Settling into Stellenbosch South Africa

Settling into Stellenbosch, a historic town you can shop and get drunk in.

Really, I liked Stellenbosch and didn’t get drunk there.  I’m just finding it difficult to write about the last chapter of my visit to South Africa.  Makes it seem so final, even though I’m currently planning for the next visit.

Table Mountain R27 South South Africa

Table Mountain

When I left West Coast National Park I headed south towards Cape Town, but not to Cape Town.  (I’m really not a city gal so still haven’t explored this place at all.)  Because I was headed to the Getaway Travel and Outdoor Show in Summerset West I opted to reserve a room for two nights at the Alvera Guest House in nearby Stellenbosch.  Then figured I might head to Cape Town before flying out to Johannesburg.  But instead I stayed three more nights.  Yes, I’d heard of famous wines, the historic Dutch architecture and a renowned botanical garden but that hadn’t been on my list until I got there.  Unfortunately, with driving alone I didn’t get a chance to sample the local wines.

The first night I stayed in a single room with use of the huge kitchen and common area.  One other bedroom was occupied by a man I never saw.  The next morning I left for the Getaway Show and while gone the owners moved all my goods to a new self-catered room.

  Cape Getaway Show Stellenbosch South Africa

Getaway Travel & Outdoor Show

If you’re into camping and being outdoors, and it seems as most are in South Africa, then the Getaway Show is the place to go.  Hosted by Lourensford Winery the venue is surrounded by hillsides dotted with vineyards.  Exhibitors filled two huge tents and a monster-sized lawn with representatives from travel publications, resorts, lodges, tours, safaris, camp gear, and outdoor ware where I bought two pairs of cargo shorts.  Plus tents and trailers of every configuration and the vehicle to haul it all whether you prefer to stay in a caravan park or out in the bush.
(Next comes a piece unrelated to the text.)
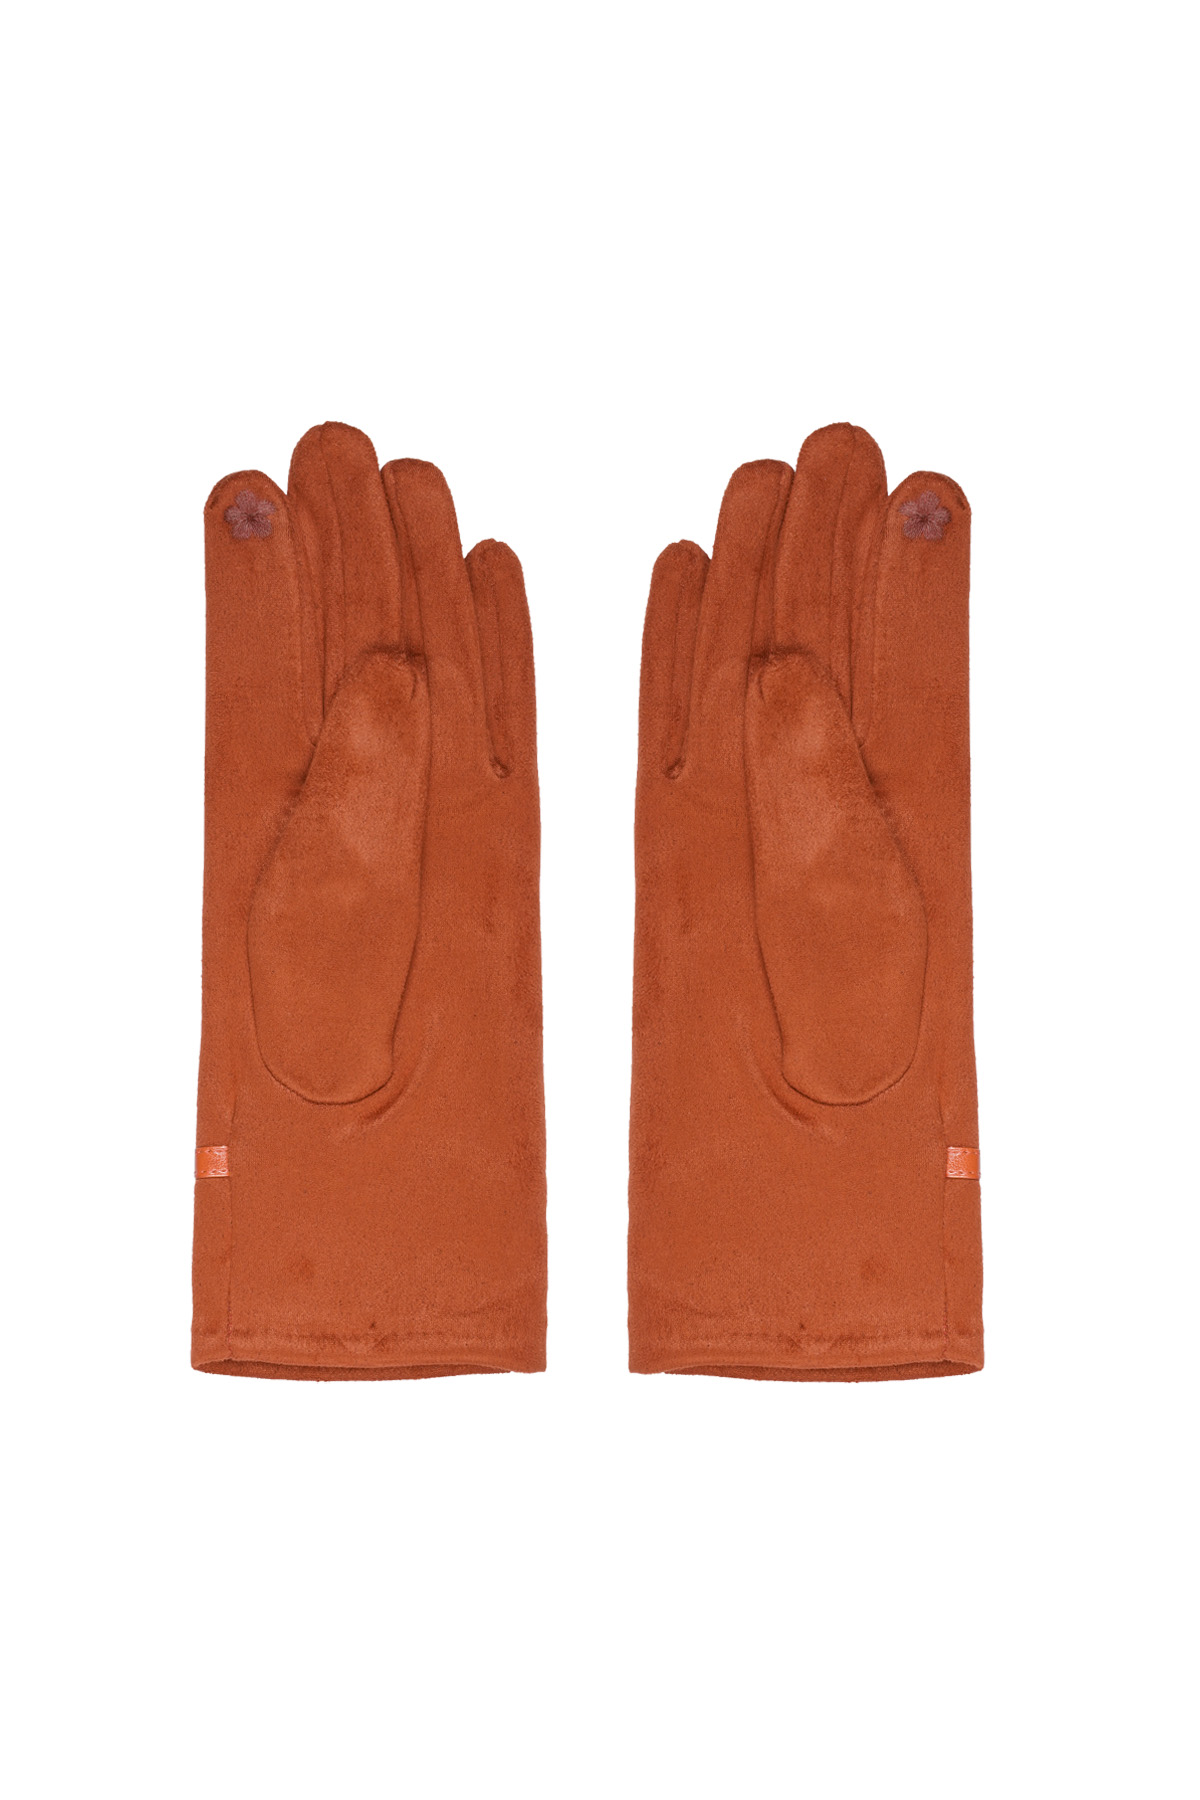 Handschoenen riepje - oranje h5 Afbeelding3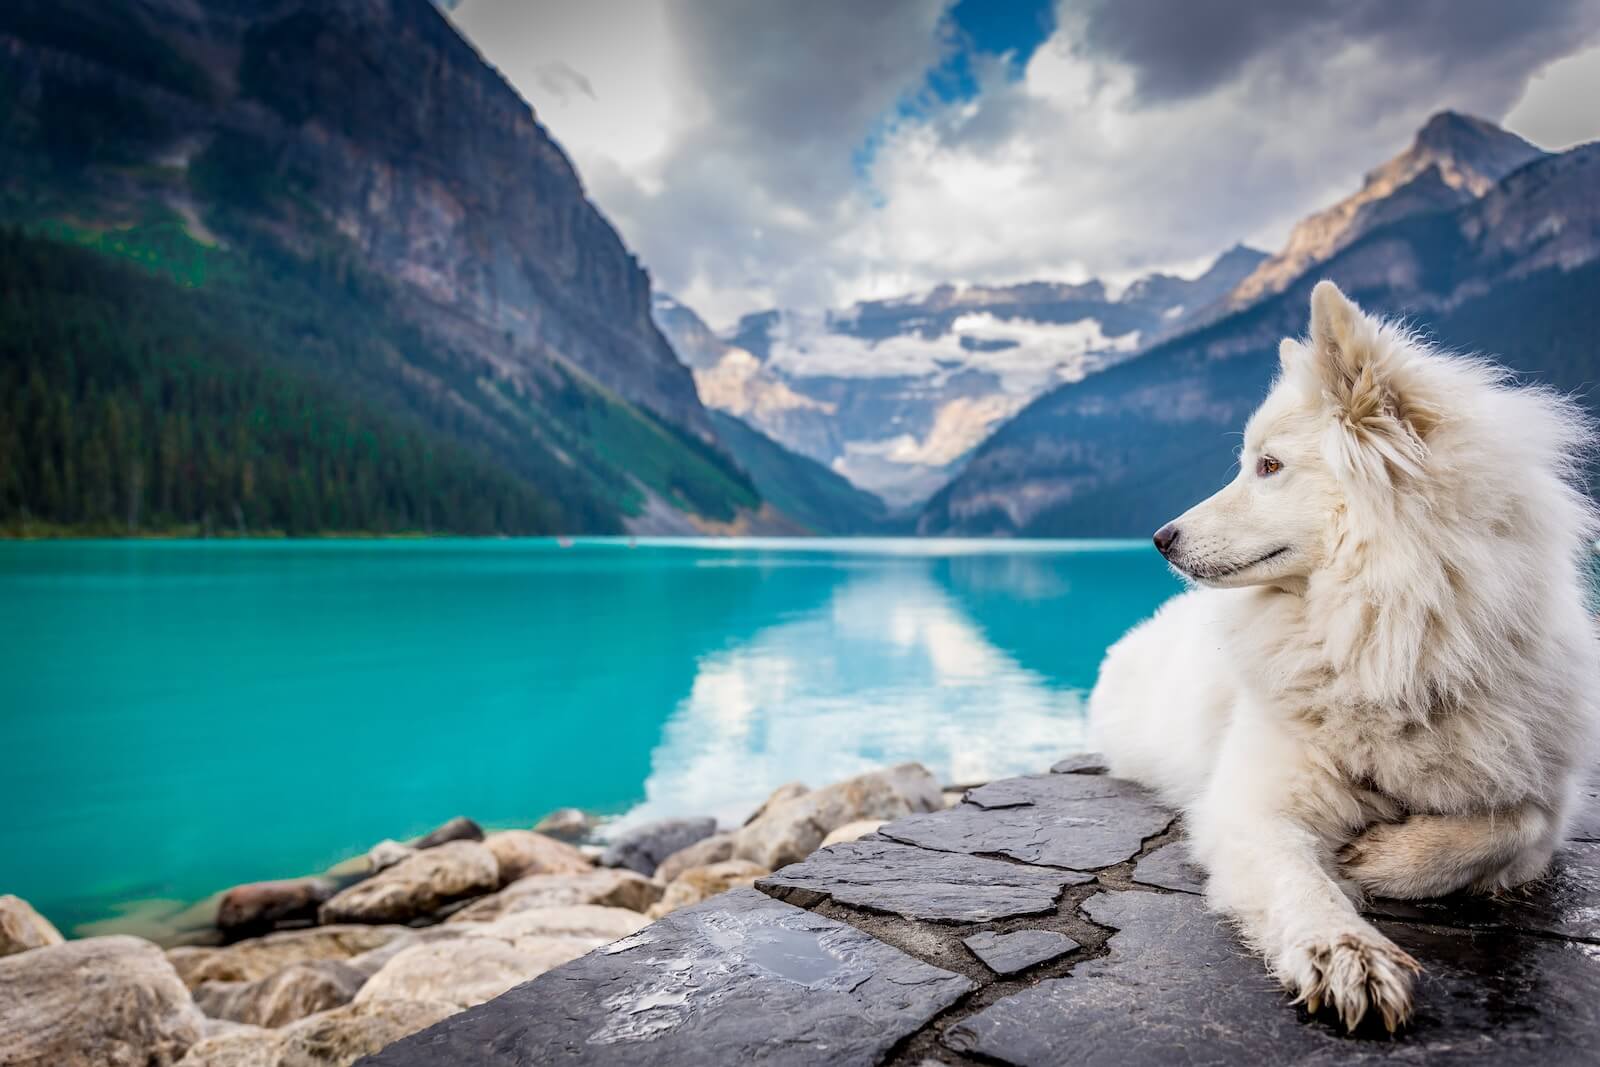 A Samoyed sitting beside a mountain lake

Gaelyn by Toyota Landcruiser Getaway Show Somerset West South Africa

I found my dream machine if anybody would like to donate about 100K.  Plus I met numerous people involved in outdoor travel of many sorts and came away with a list of even more places to visit in South Africa and beyond.

 Cape Getaway Show Stellenbosch South Africa

There were also plenty of kids’ activities including a water slide and climbing wall.  Plus several food options, music, wine tasting and a beer garden.

Wine cellar Cape Getaway Show Laurenceford Winery Somerset West South Africa

I returned to the show early Sunday for a photo workshop offered by Getaway and taught by one of their photo journalists Dylan Kotze.  Not only did I learn a few new things and finally set in mind even more, but I met some local photographers that I continue to be friends with and hope to see again when I return.  During lunch and after the workshop I wandered back around the show again making some final connections and networking for the future.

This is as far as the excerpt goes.